### Data excerpt
━━━━

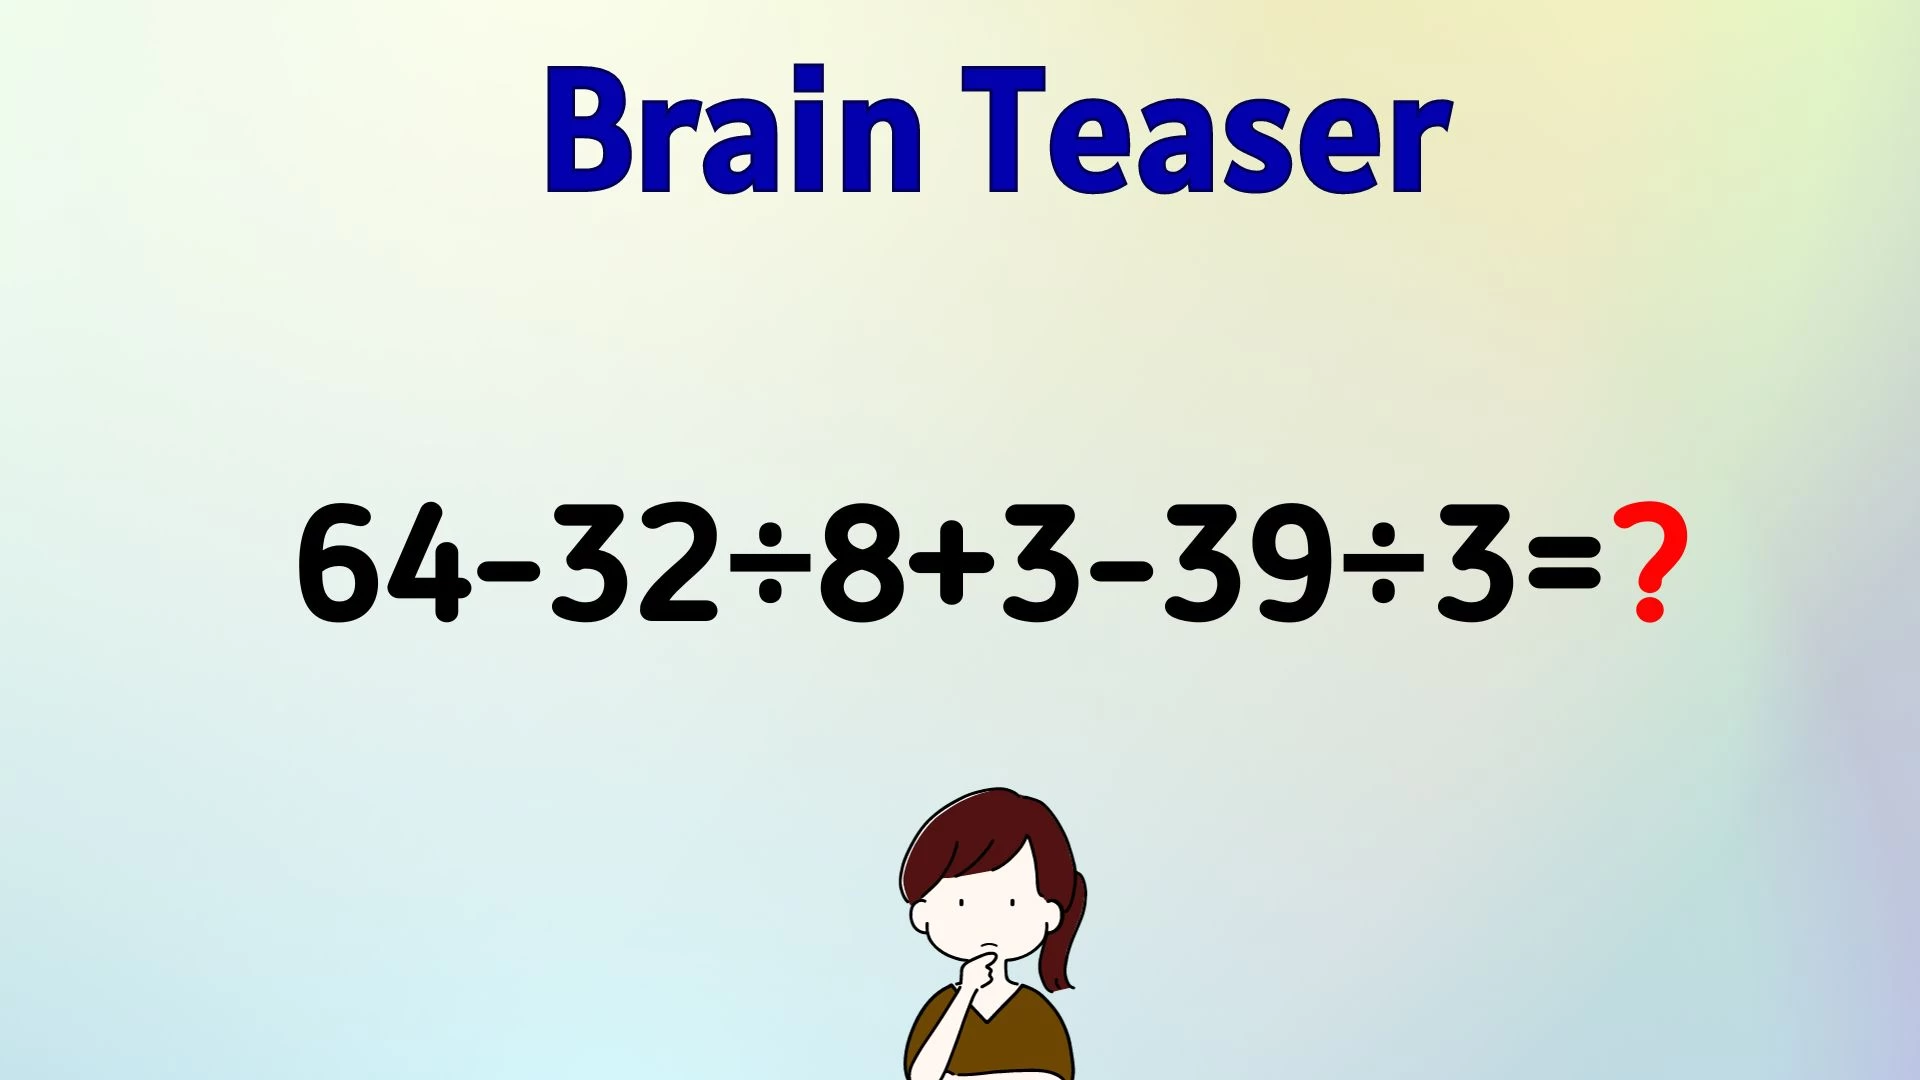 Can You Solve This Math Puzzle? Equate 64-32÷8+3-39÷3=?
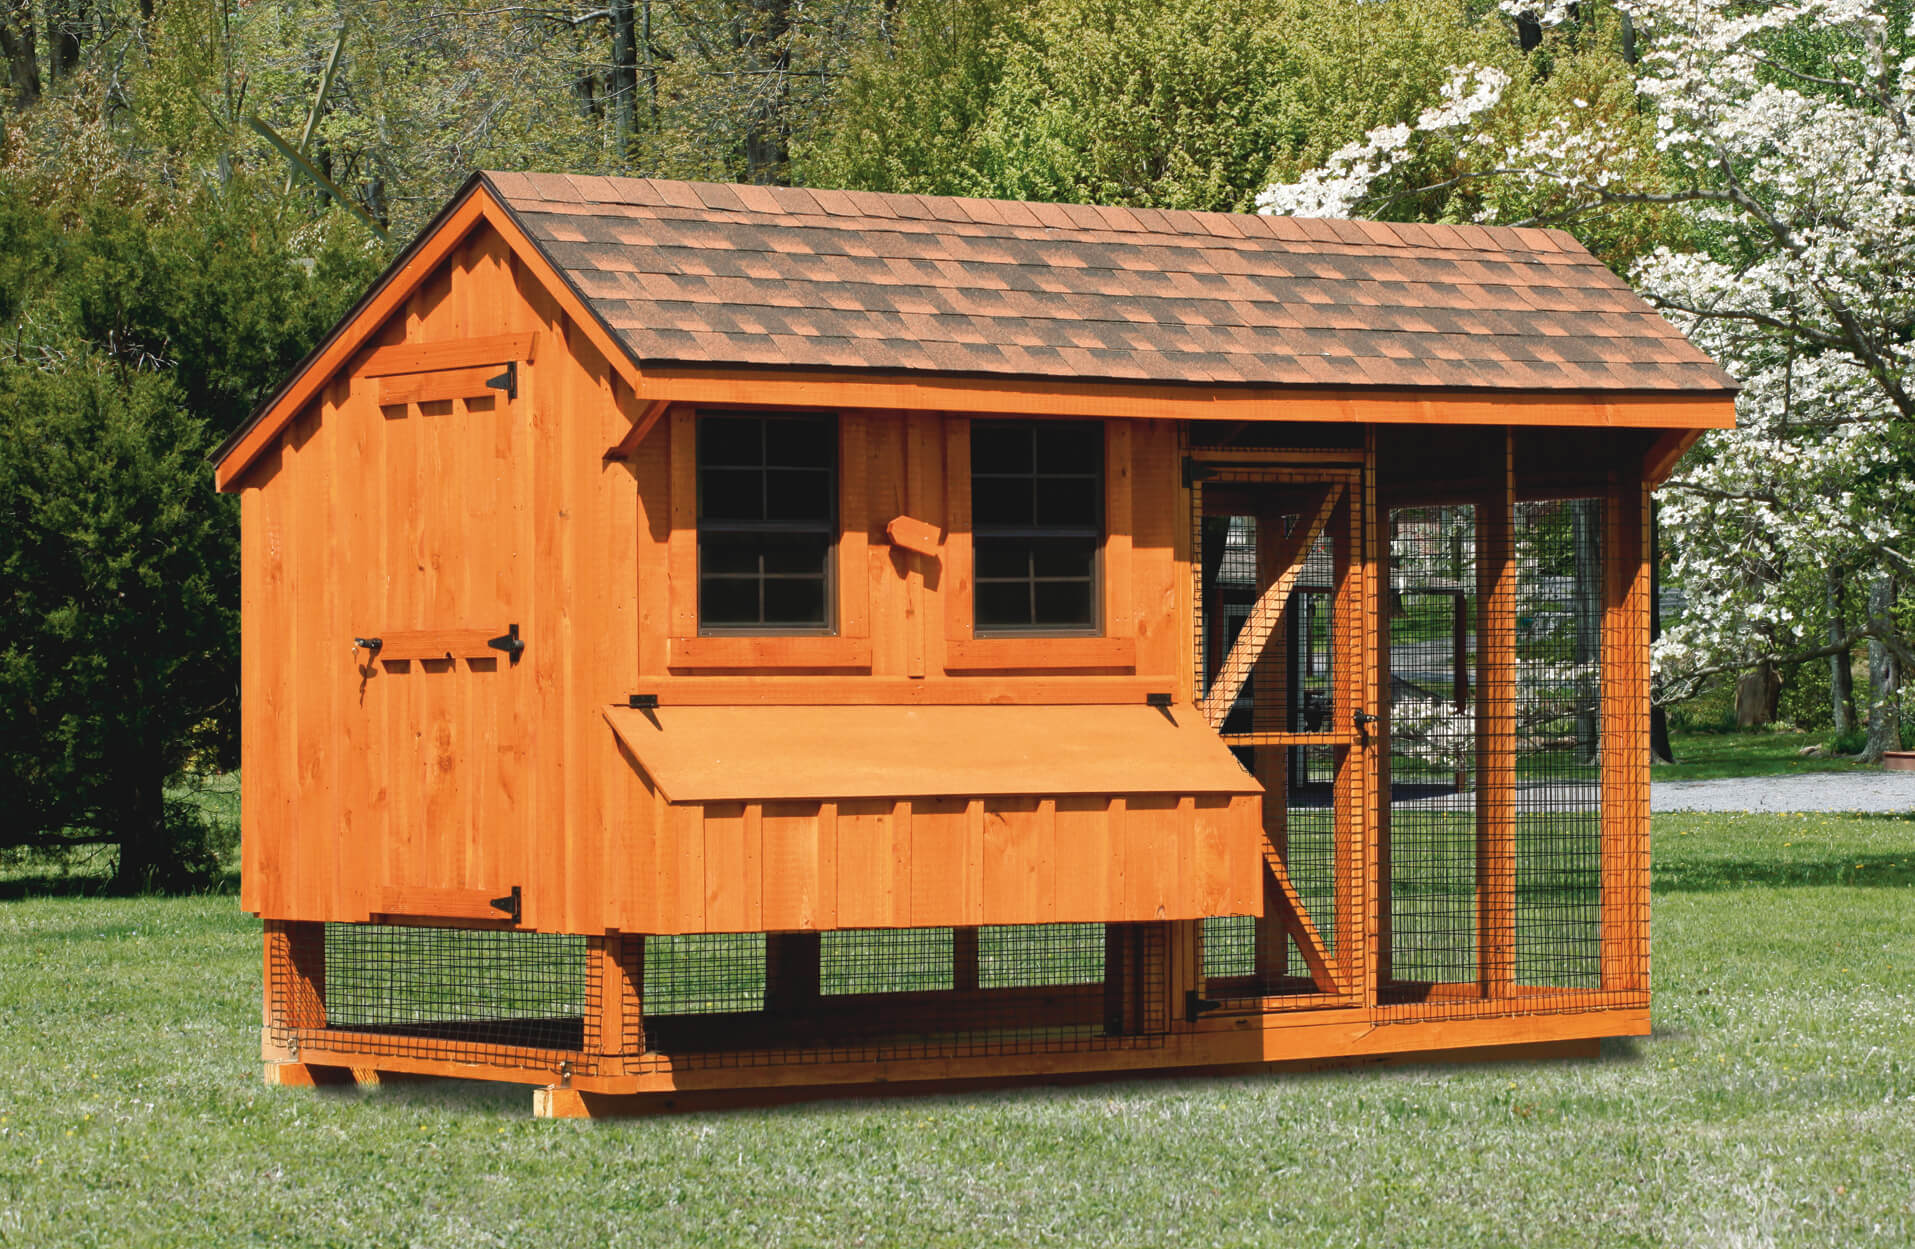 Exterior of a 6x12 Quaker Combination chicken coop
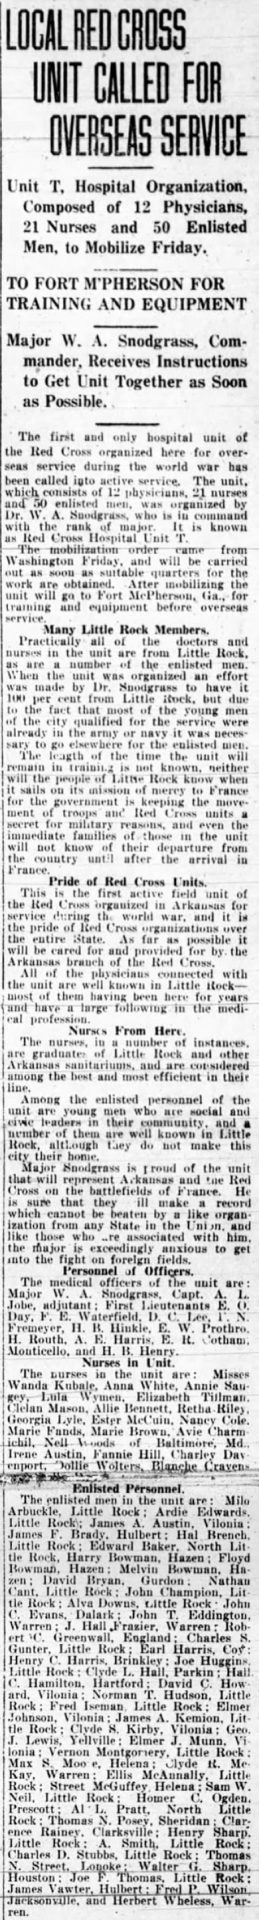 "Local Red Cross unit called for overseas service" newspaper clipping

━━━━

### Task item
Give back only the lines from the one that carries "Exterior of a" through the final line above, both included. Drop all pictures.

### Result of the exercise
 Exterior of a 6x12 Quaker Combination chicken coop
 "Local Red Cross unit called for overseas service" newspaper clipping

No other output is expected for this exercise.